As the claim would have been stayed if security was ordered and that was deemed unfair to class members in the circumstances; the Court held that an order for security for costs against the litigation funder was not appropriate.
With the decisions of Rossato, not only has there been a significant interest in employee class actions but at least for claims under the Fair Work Act and where security would disadvantage these types of group members, the major hurdle for funders on these types of claims (and indeed in class actions generally), security for costs, can be removed.
Where security for costs can reach into multiples of millions, the reduction of capital requirements for funders to run these types of class actions, has an obvious effect.

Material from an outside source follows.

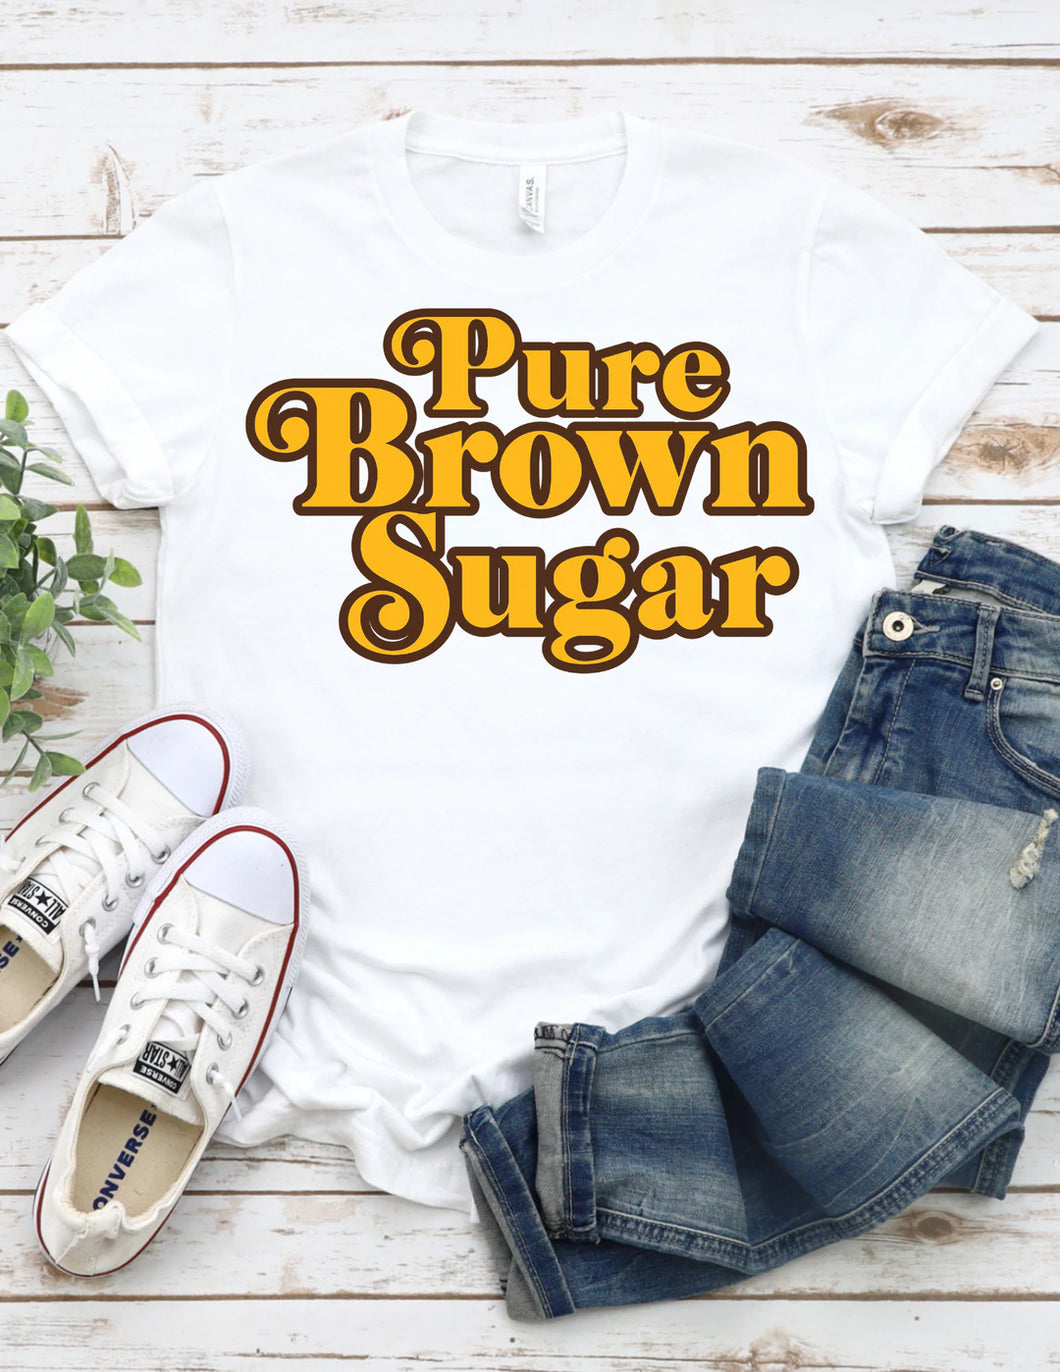 Pure brown sugar

As the Rossato, Bywater and Augusta Ventures judgments indicate, there are a number of factors which will make employee related representative actions attractive to litigation funders and class action law firms, including high value claims with large numbers of potential class members, favourable security for costs conditions and the likelihood the courts will approach settlement reasonableness with a keen eye to whether the amount is in the interests of group members.
We expect employment related class action risk is one insurers operating in the Australian market will need to pay close attention to and it is now an opportune time to review policy wordings and any combined risk offerings to ensure they are indemnifying the risks and what Underwriter's intended.
Given the importance now being placed on employment conditions and the developing trend from regulators of strict compliance with industrial relations legislation, we expect this to a target for Commonwealth government reform, particularly as the economy emerges from Covid, we may see the balance tipping back in favour of employers and, by implication, their insurers.
For now, the favourable conditions existing for funders generally, coupled with these recent decisions in employment class action claims, makes this area a fertile ground for funders and developing risk for insurers operating in this space.